1. In a large pan, cook sausage and onion together, stirring often, until onion is soft, sausage is crumbled and browned and cooked all the way through.
2. In a large pot, boil some water. When it comes to a boil, add a generous pinch of salt and add your pasta to the water. Stir so it doesn’t clump together. When pasta is al dente, turn off the heat and drain most of the water.
3. Back to the sausage and onions- add the minced garlic, and cook on low for only a minute or two, being careful not to burn. (Garlic burns easily!) 

4. Mix the cornstarch with the broth until completely dissolved, then add the broth mixture to the pan.
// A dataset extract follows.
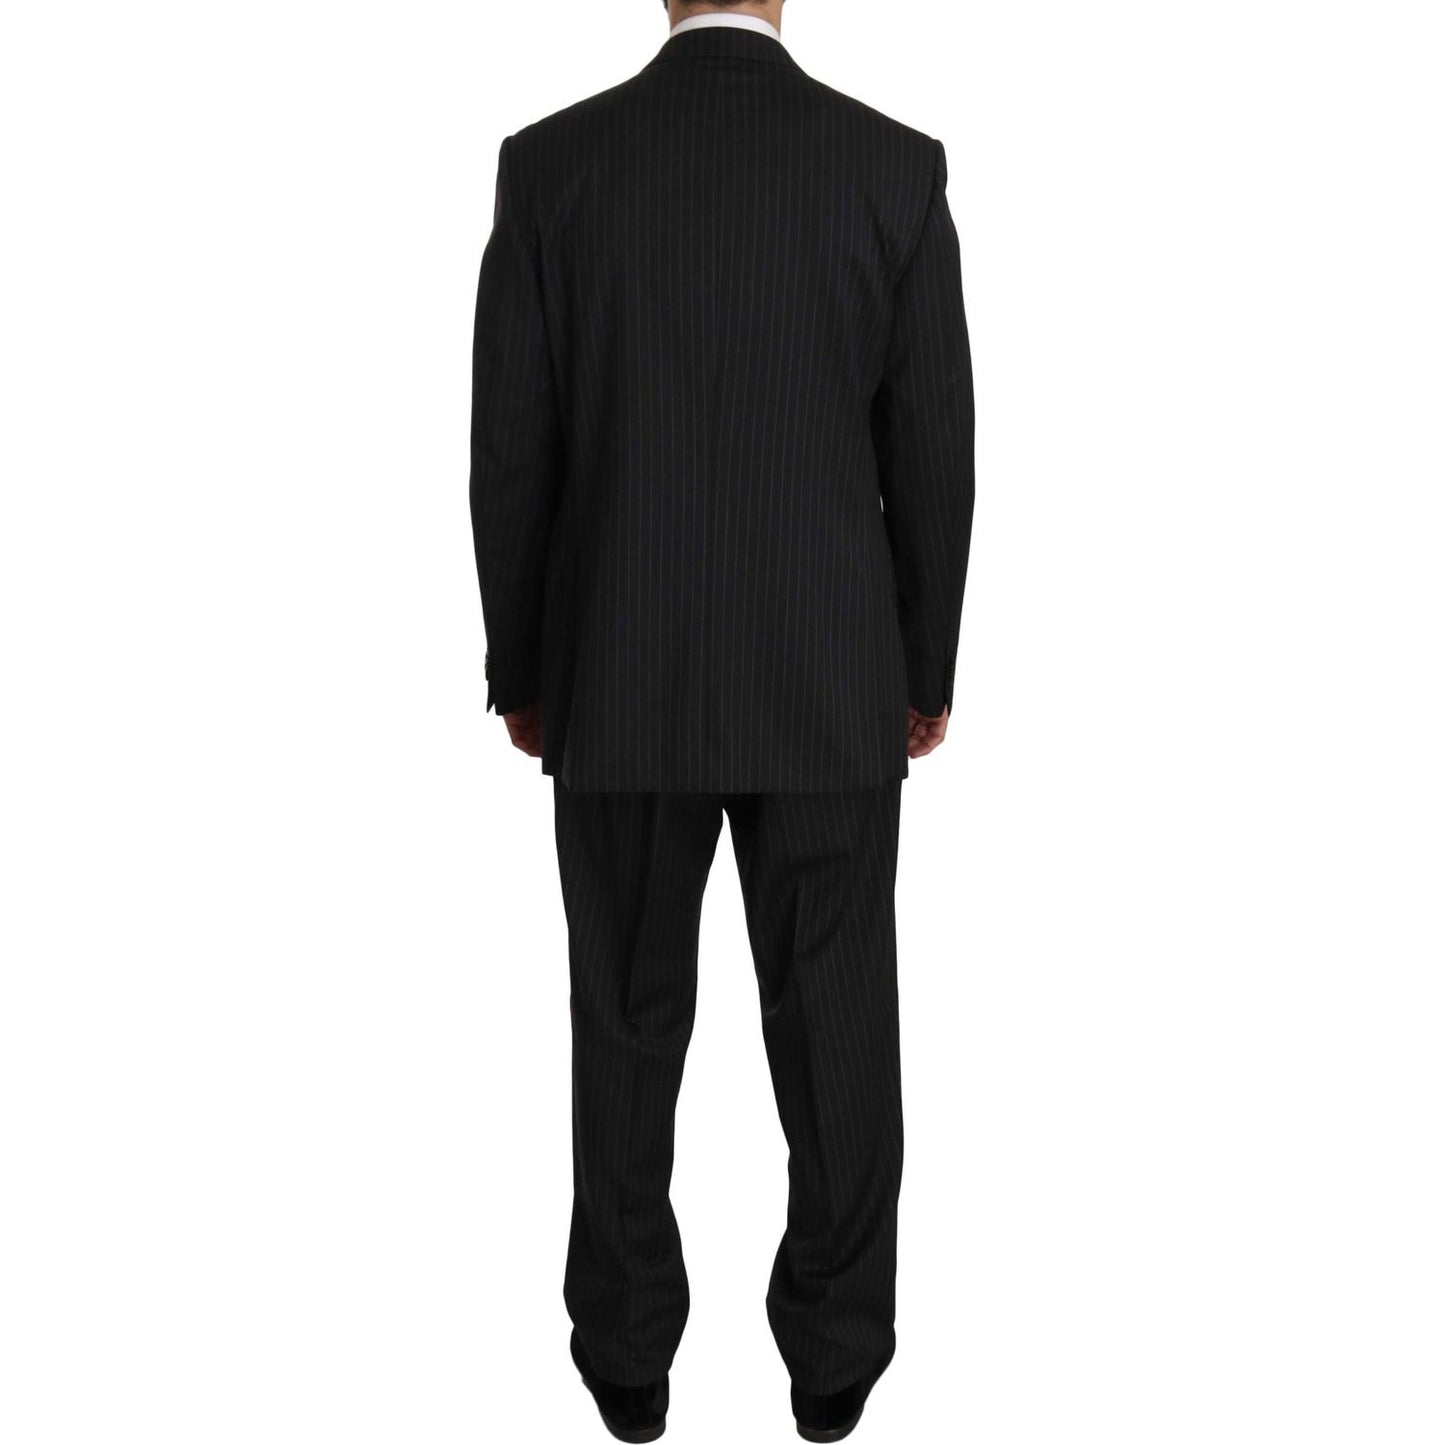 Z ZEGNA Elegant Black Striped Wool Suit Suit black-striped-two-piece-3-button-100-wool-suit IMG_7798-scaled.jpg

Cook on medium-high heat, stirring often, for a few minutes until sauce is thickened. Then add the can of tomatoes and stir.

5. Add the fresh grated Parmesan and the chopped basil to the sauce. Stir.
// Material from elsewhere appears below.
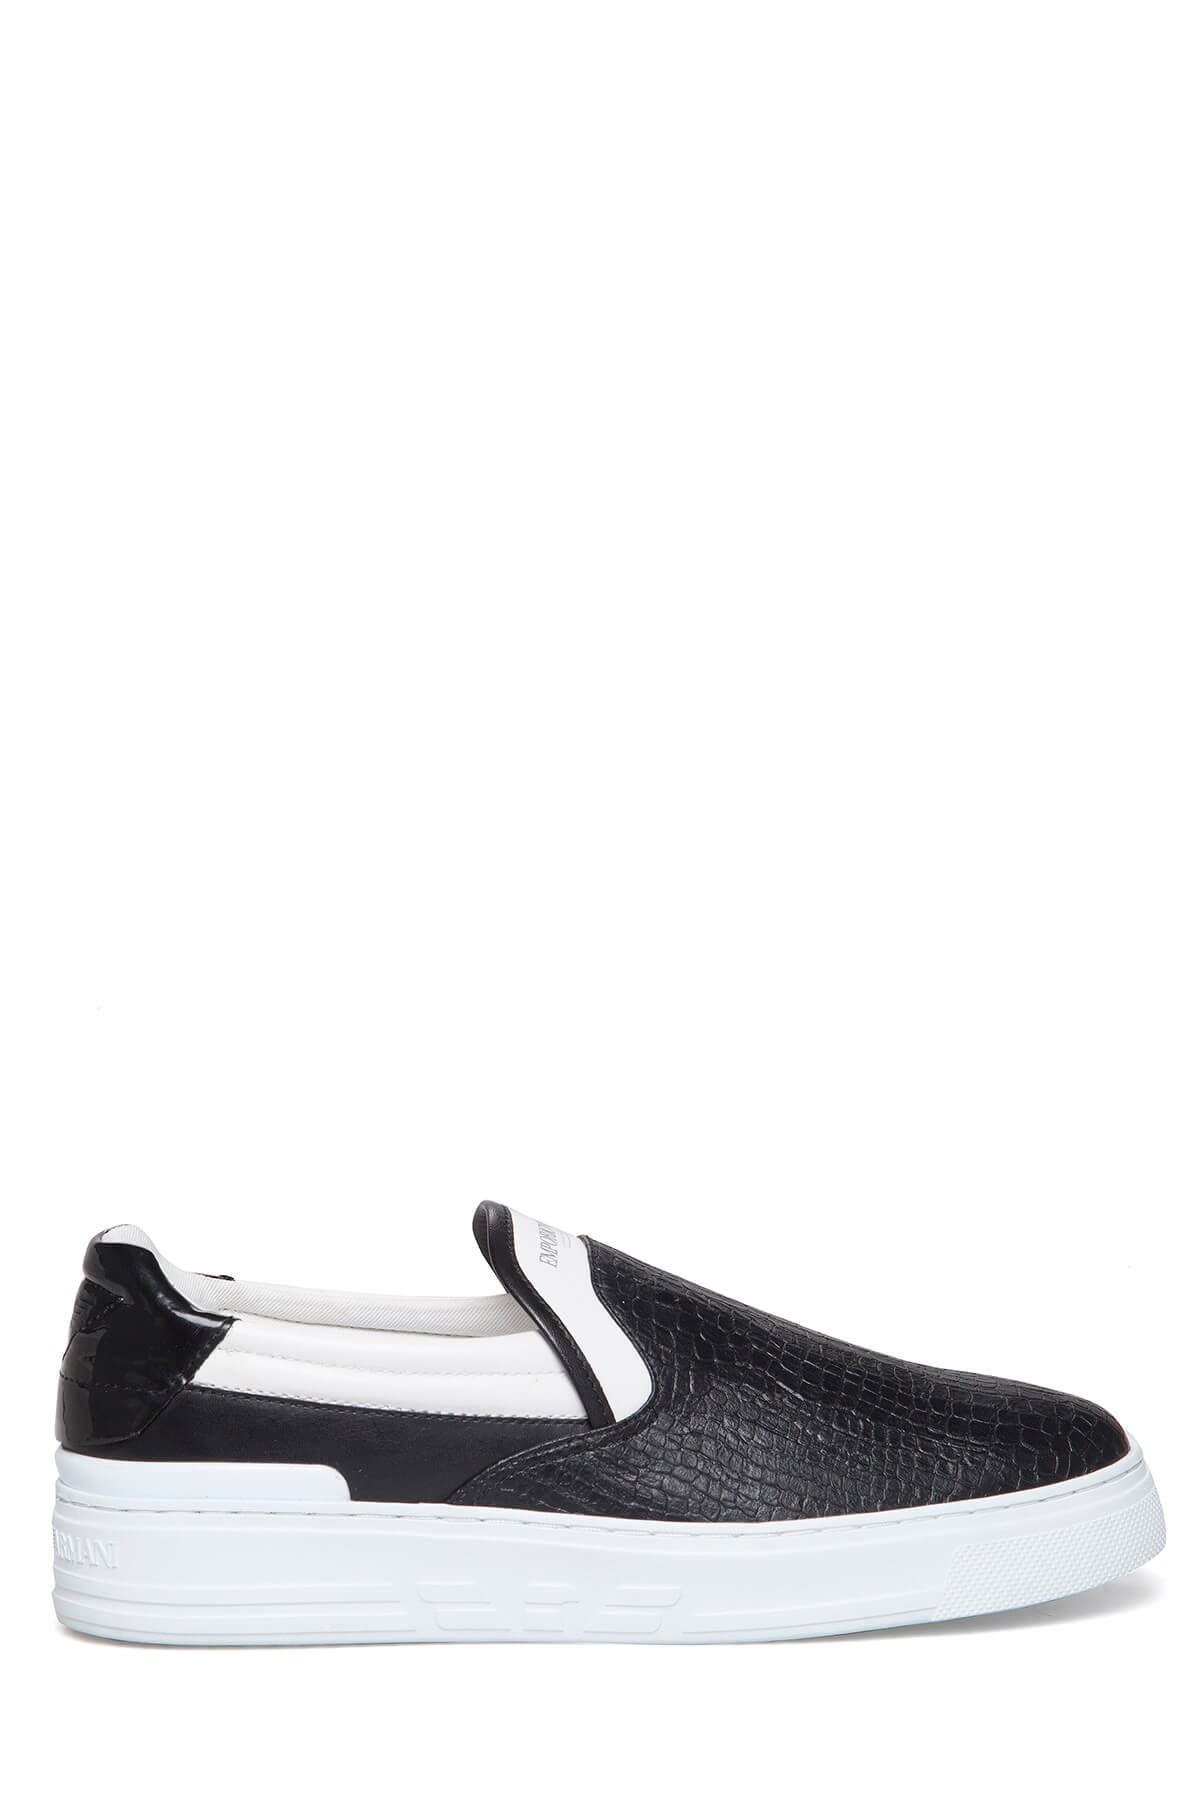 Emporio Armani Siyah Erkek Ayakkabı X4X222 Xl190 D850

6. Drain the pasta and add it to the pot that holds the sauce. Mix together, then garnish with the more basil and parmesan. Serve warm. Enjoy!

Baked Tacos

 My family LOVED these the first time I made them and asked for seconds and thirds.  The second time the kids were all content with one.  Such is the case of cooking for kids.  Brett and I really enjoyed them both times.  As we trend meatless, I substituted cooked lentils for the ground beef in this recipe.  It was delicious!  I found the recipe here.
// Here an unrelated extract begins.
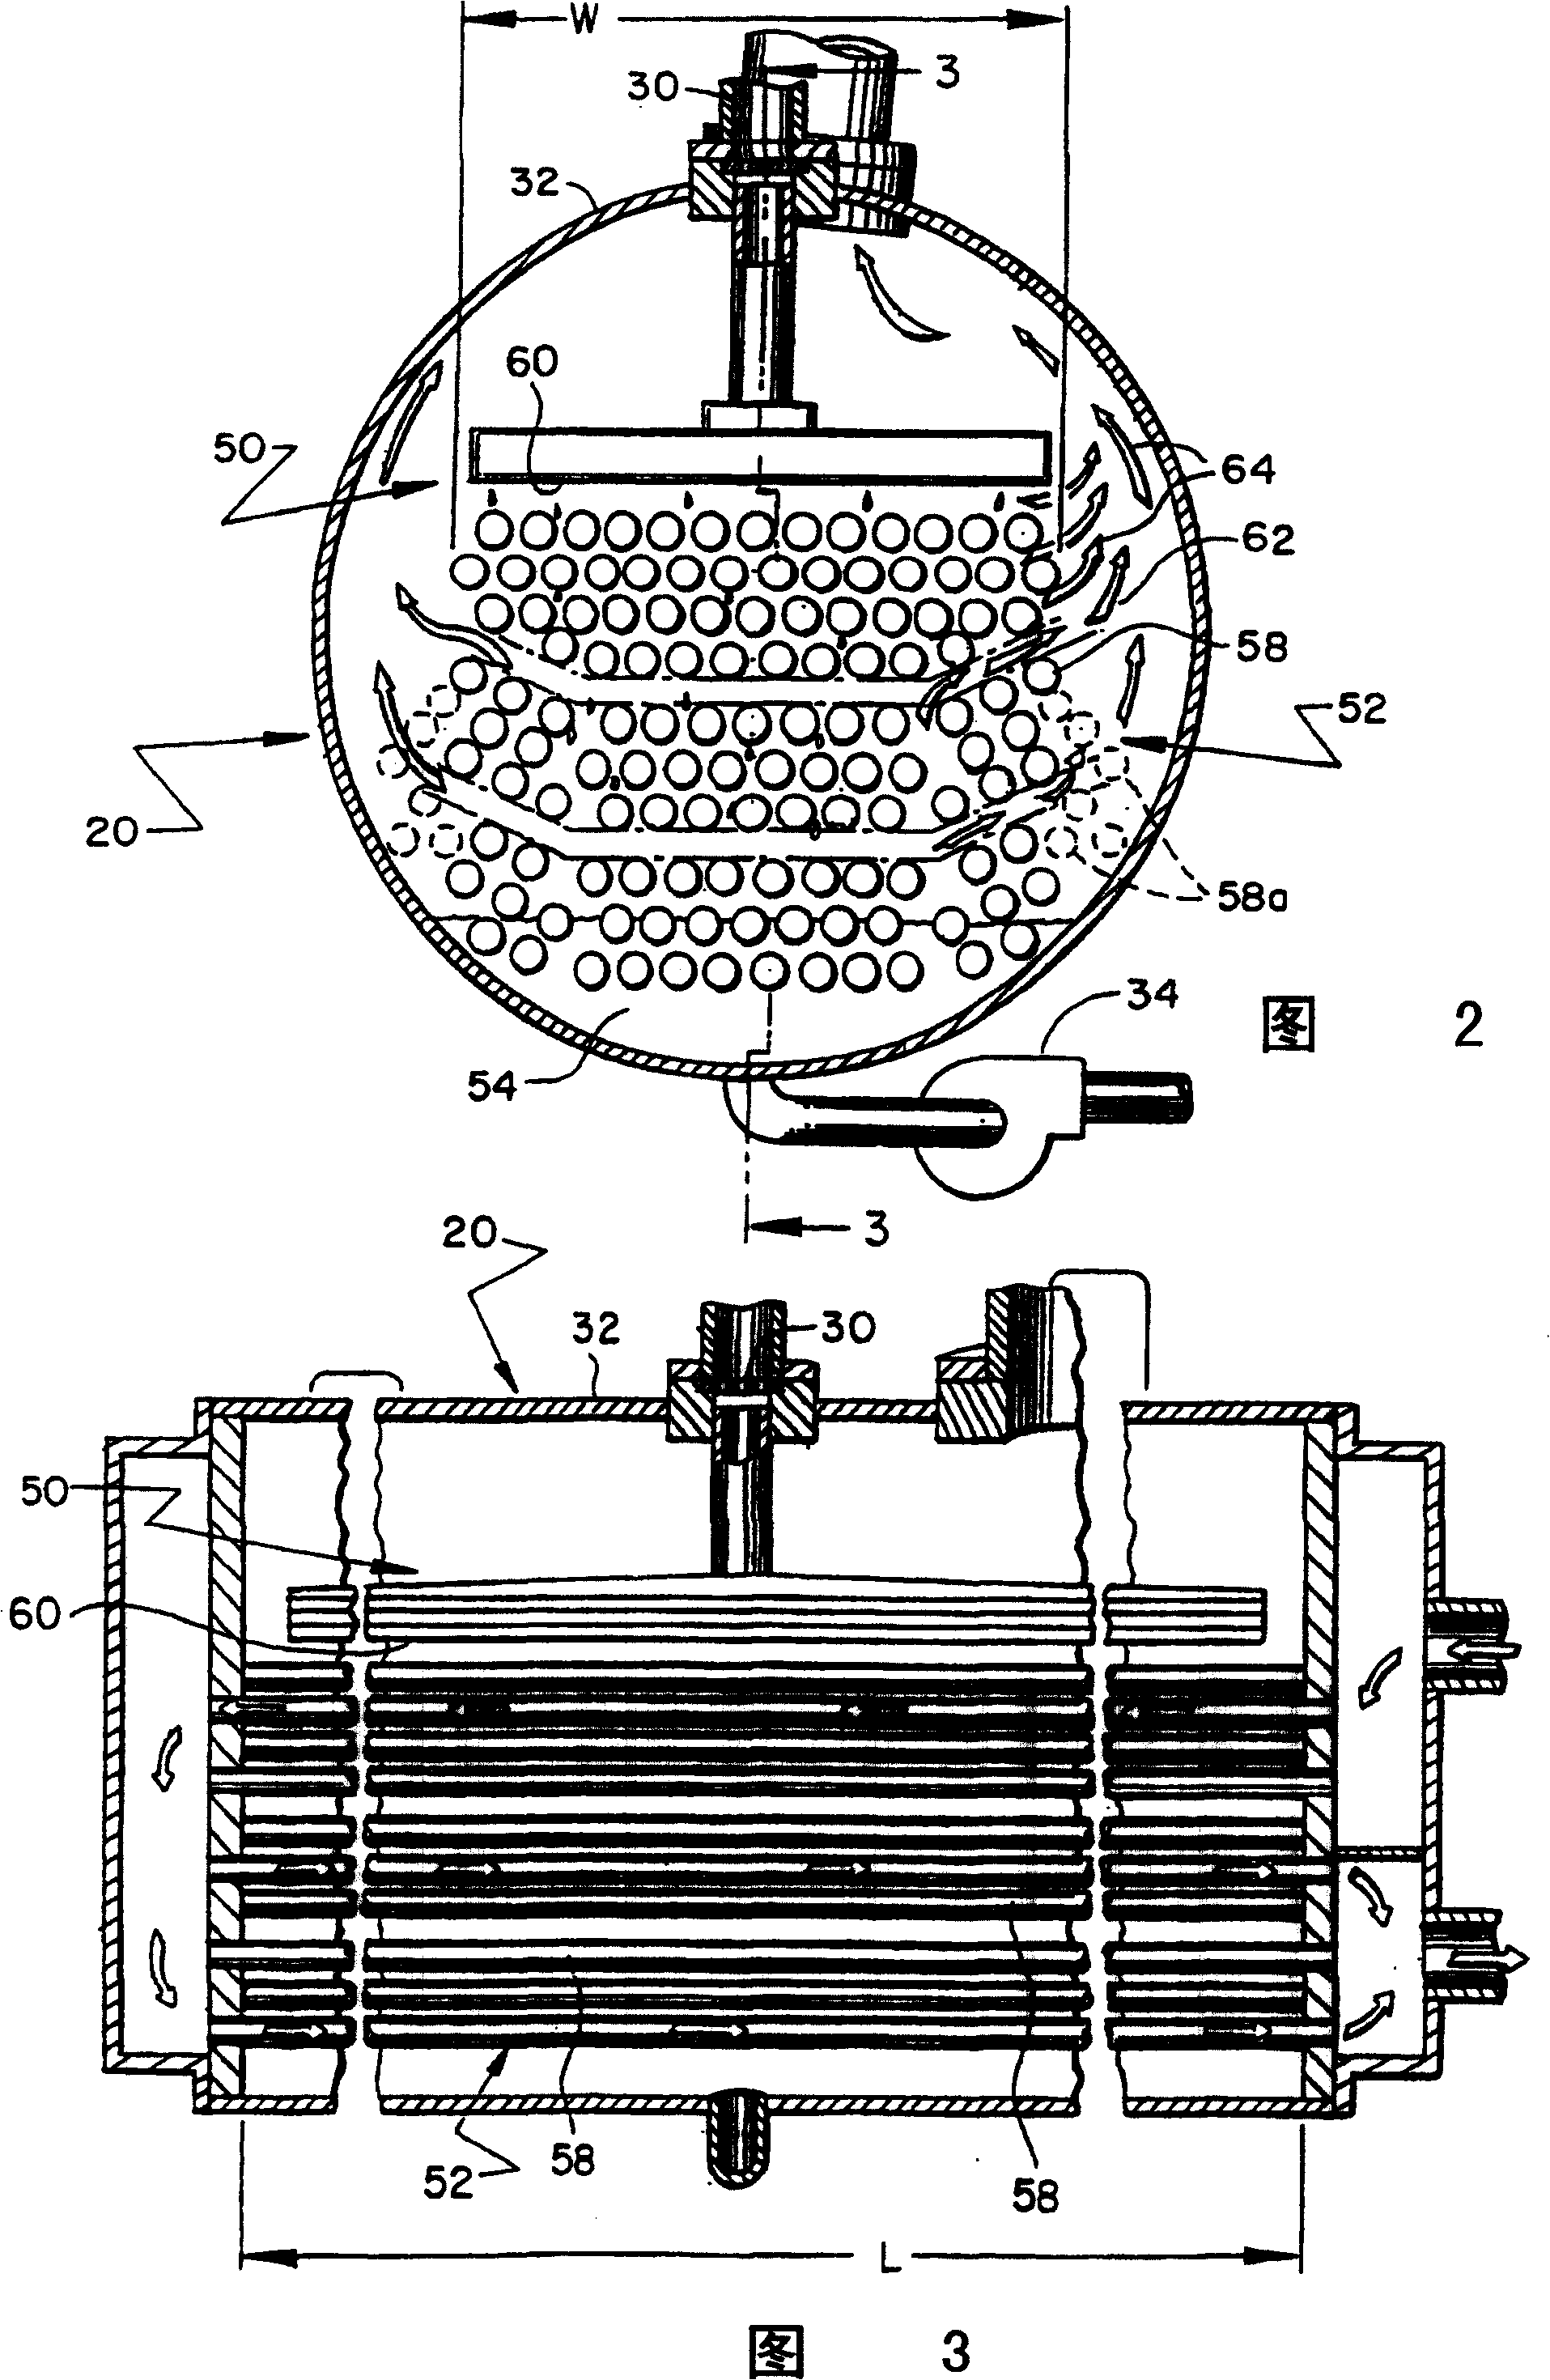 Falling film evaporator having two-phase refrigerant distribution system

Delicious Baked Tacos include crunchy tortilla shells filled with a seasoned meat and bean taco filling, topped with cheese and then baked.
Prep Time10 mins
Cook Time25 mins
Total Time35 mins
Servings: 20 tacos

Ingredients

  • 1 pound lean ground beef (or ground turkey) (or cooked lentils ;))
  • 1 small onion , chopped
  • 1 Tablespoon chili powder
  • 1 1/2 teaspoons ground cumin
  • 1/2 teaspoon paprika
  • 1/4 teaspoon dried oregano
  • 1/4 teaspoon garlic powder
  • 3/4 teaspoon salt
  • 1/2 teaspoon freshly ground black pepper
  • 8 ounces tomato sauce
  • 16 ounce can pinto beans , or black beans
  • 20 hard tacos shells
  • 1 1/2 cups shredded cheddar cheese , or your preffered kind of cheese
  • 1 romaine heart , chopped
  • 2 Roma tomatoes , chopped
  • salsa and sour cream , for topping, optional

Instructions

  • Cook the ground beef in a large skillet over medium heat, breaking it into very small pieces until browned. Remove grease. Add onion and saute for a few minutes. Stir in the dry spices.
    Cooked ground beef and onion in a skillet with taco seasoning spices added on top.
  • Add tomato sauce and pinto beans and stir to combine. Turn the heat to low and simmer for 5-10 minutes, stirring occasionally.
    Seasoned taco meat and beans in a skillet, ready to fill shells for baked tacos.
  • Preheat oven to 375 degrees F. Line two 9x13'' pans with the taco shells. 
  • Spoon taco mixture into tacos. Top with cheese. Bake for 10-15 minutes.
    Hard shells tacos filled with a taco meat and bean mixture and topped with cheese, lined on a baking sheet and baked.
  • Top with a little bit of lettuce, tomatoes, and sour cream and salsa, if desired.

Notes

Make Ahead Instructions: The taco meat filling can be made 2-3 days in advance (depending on the freshness of your ingredients), stored in the fridge. When ready to use, fill tacos and bake as instructed. Assembled tacos, in the shells, will keep for a few hours stored in covered in the refrigerator (the taco shells will start to soften too much if assembled for longer than a few hours before baking).
Freezing Instructions: You can freeze taco meat filling in a freezer safe container for up to 3 months. Thaw overnight in the refrigerator, fill tacos and bake as directed.